Backtracking regex can be unsafe on adversarial inputs. Even with guardrails, std.re will have a risk profile that std.regex intentionally avoids. The stdlib must not hide that risk behind a friendly Pythonic name.

Python compatibility also creates pressure to reproduce awkward behavior. APIs such as findall have shape-dependent return values, and Match.start() uses sentinel values for unmatched groups. Incan should be compatible where it matters, but it should document intentional typed deviations rather than silently producing surprising results.

Implementation architecture

This section is non-normative. A practical implementation should introduce an Incan-owned regex engine family with a parser, a feature classifier, a safe-regular backend, and a Pythonic backtracking backend. The safe backend can continue to use Rust-regex-style semantics where that remains the right implementation choice, while the Pythonic backend should use an SRE-like intermediate representation that can express lookaround, backreferences, captures, conditional groups, and replacement templates.

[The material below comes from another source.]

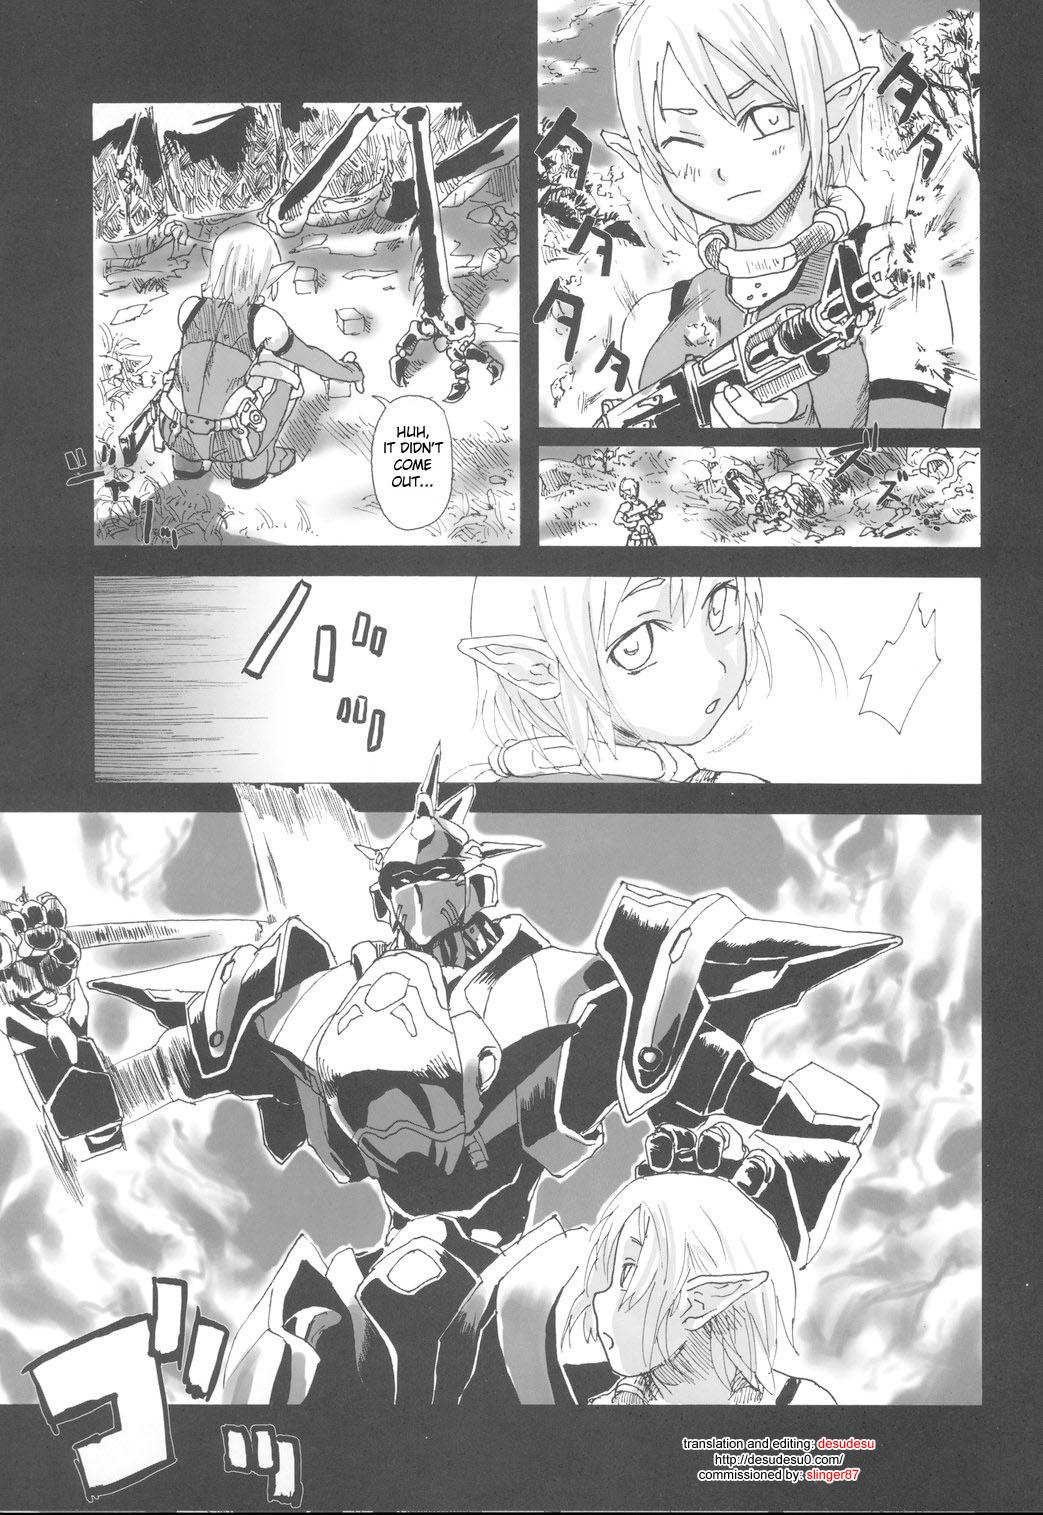 The Gareki 2 - Rising Force - Rising force online Indonesian - Page 3
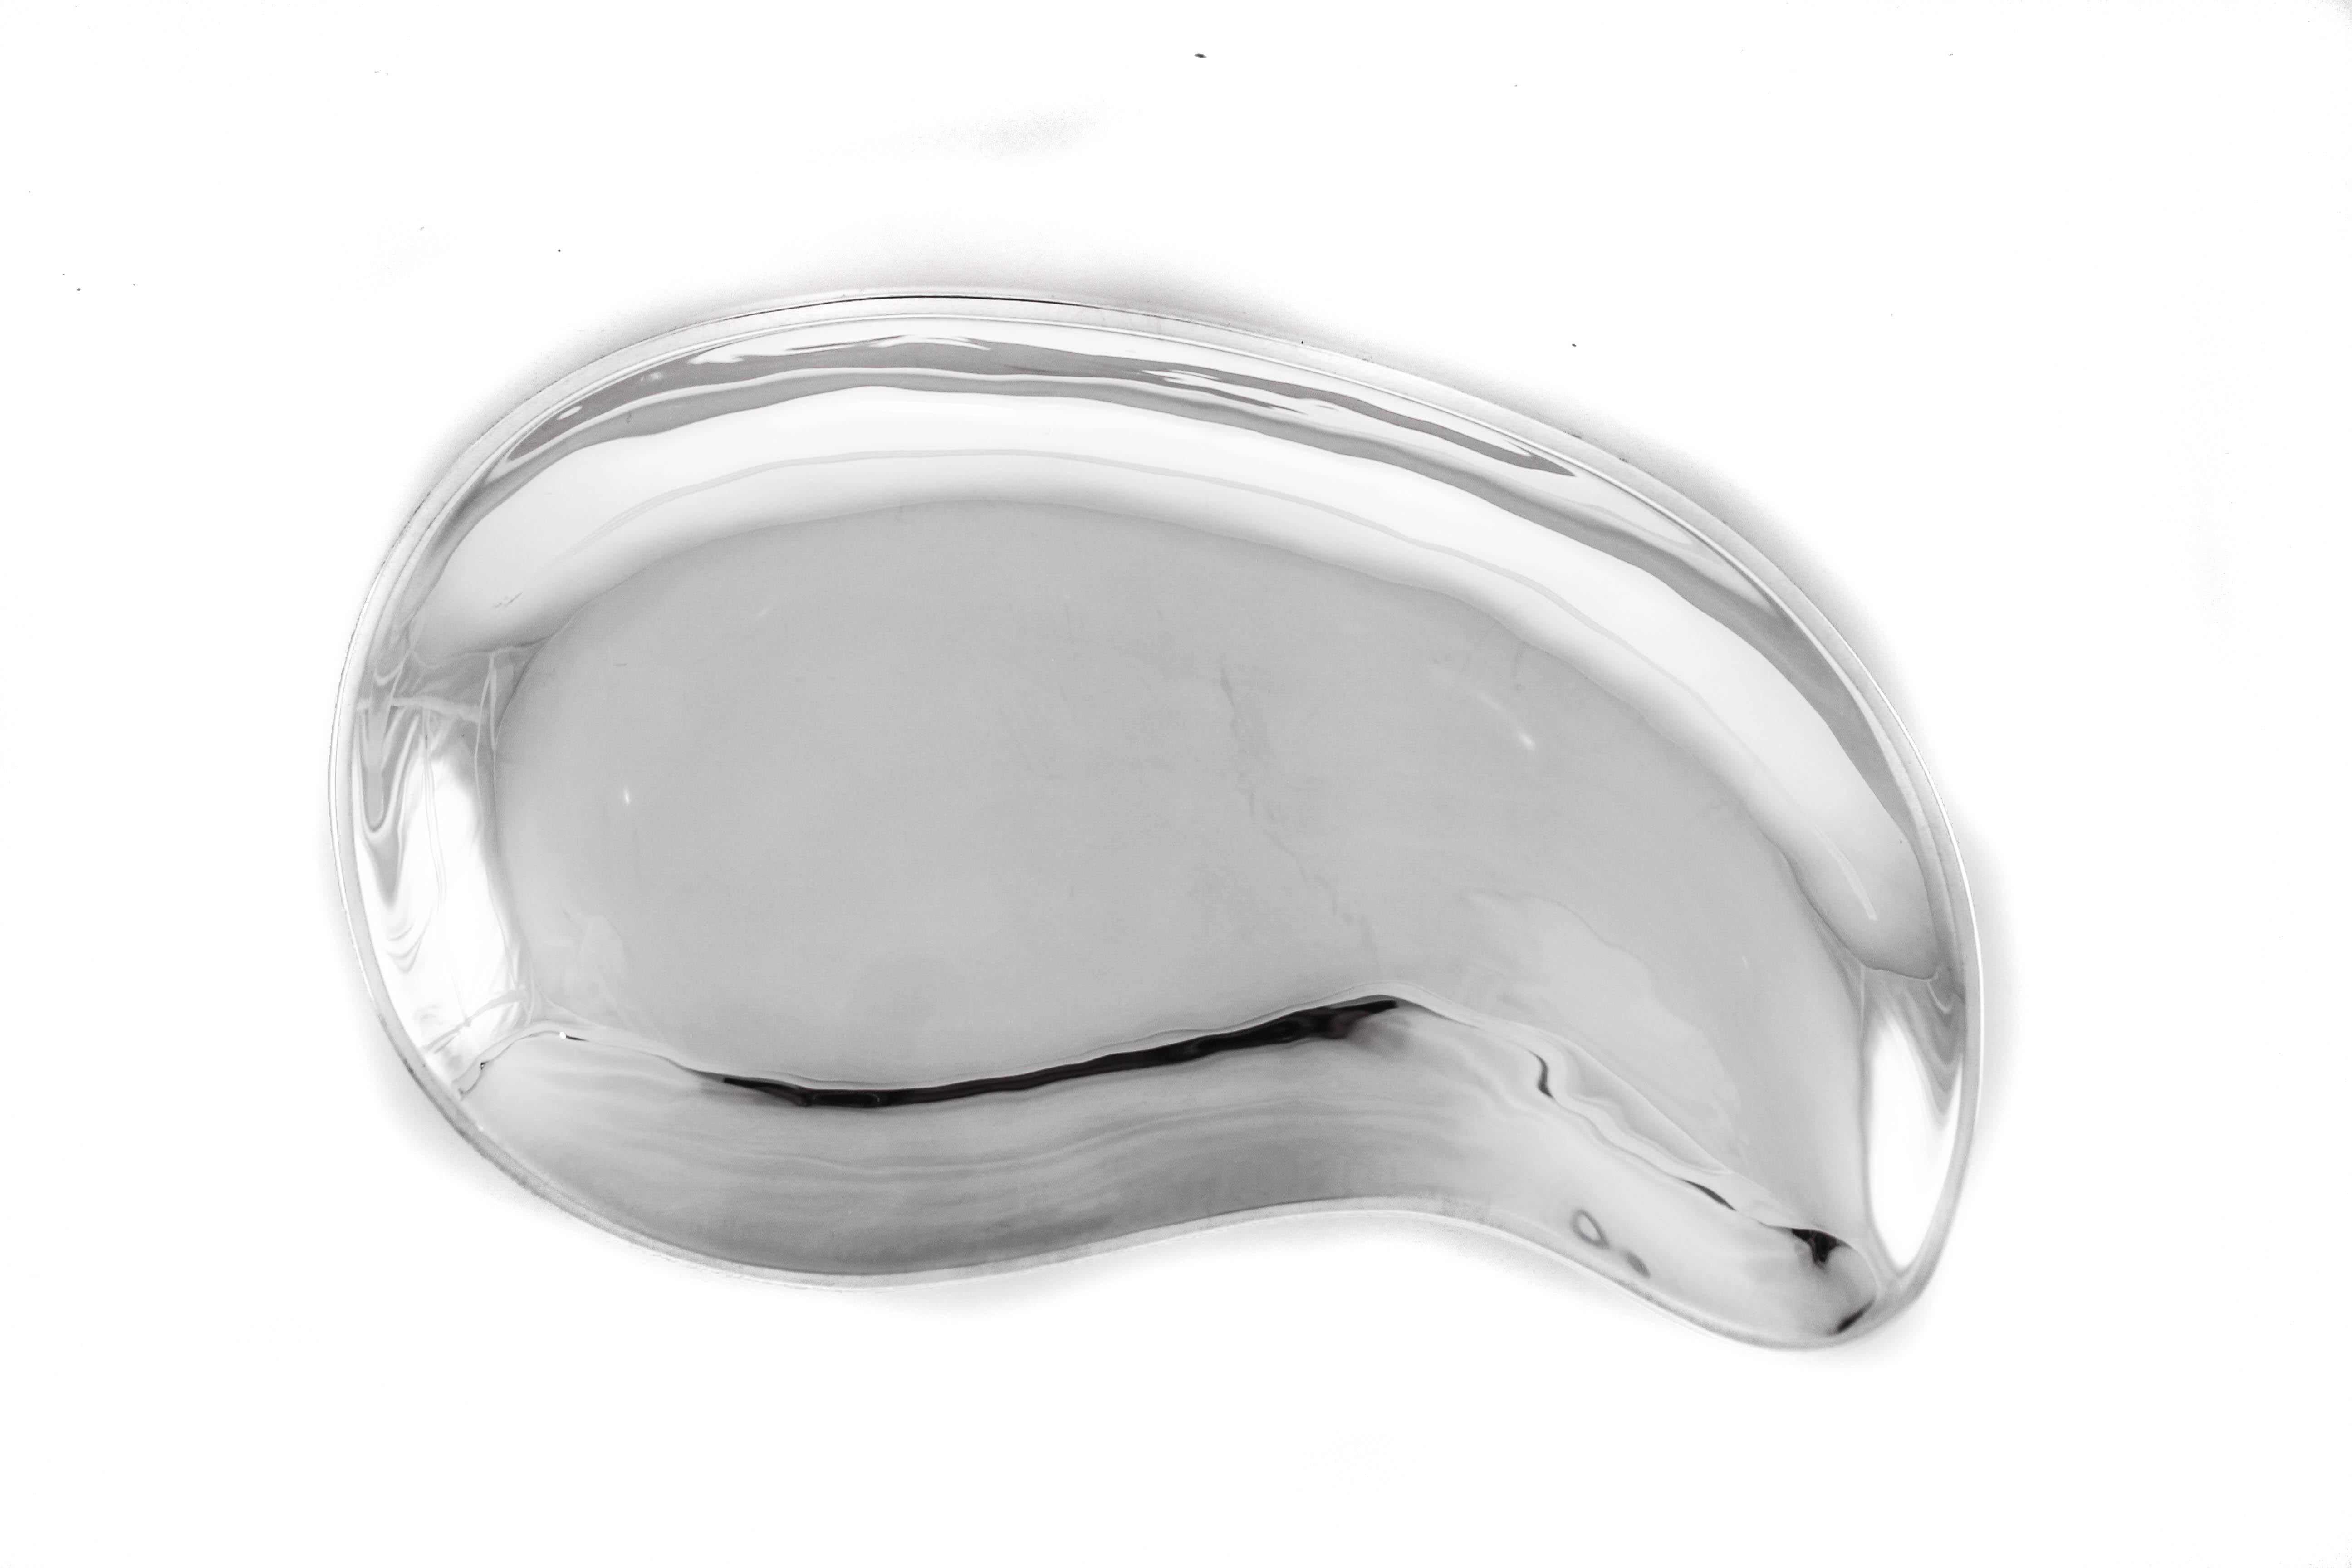 The 1950s was all about abstract and modernism and here we have a perfect example of the two fused together. This sterling silver dish has an abstract shape and is simple with no ornamentation. The modernism period was defined by less and simpler

RustPython is useful prior art because it separates the Python-facing re surface from a low-level SRE engine and describes that engine as "A low-level implementation of Python's SRE regex engine." Incan should adapt the architectural idea rather than the Python object model: compile Pythonic pattern syntax into an internal representation, execute it through a controlled matcher, and surface owned Incan Pattern, Match, and error values.

The engine family should expose enough metadata for std.regex to reject backtracking-only constructs with targeted diagnostics. It should also expose enough budget controls for std.re to enforce match limits when the accepted API includes them.

Layers affected

  • Parser / AST: no new Incan syntax is required for the first slice, but examples and tooling must accept normal imports such as import std.re as re.
  • Typechecker / Symbol resolution: stdlib module loading must expose the std.re module, its aliases, constants, functions, Pattern, Match, and error types with precise Result and Option types.
  • IR Lowering: calls into std.re must lower like ordinary stdlib calls and must preserve callable replacement functions without treating them as string templates.
  • Emission: generated Rust must link the selected engine-family runtime and must keep std.regex and std.re public types distinct.
  • Stdlib / Runtime (incan_stdlib): the runtime must provide the Pythonic engine backend, owned pattern and match values, replacement-template expansion, split/substitution helpers, and diagnostics.
  • Formatter: no new syntax is required, but examples with std.re imports, raw strings, and callable replacements should format stably.
  • LSP / Tooling: completion and hover should distinguish std.regex from std.re, show pattern/error types, and surface docs that explain safe versus Pythonic matching.
  • Documentation: stdlib reference docs must explain when to choose std.regex and when to choose std.re, including the backtracking risk and portability motivation.

Unresolved questions

  • Should the initial std.re slice target "Python-inspired" behavior or a named CPython version's re behavior closely enough to run imported compatibility tests?
  • What should the exact runtime budget API be for backtracking patterns: compile-time options, pattern methods with checked variants, ambient runtime policy, or no budget surface in the first slice?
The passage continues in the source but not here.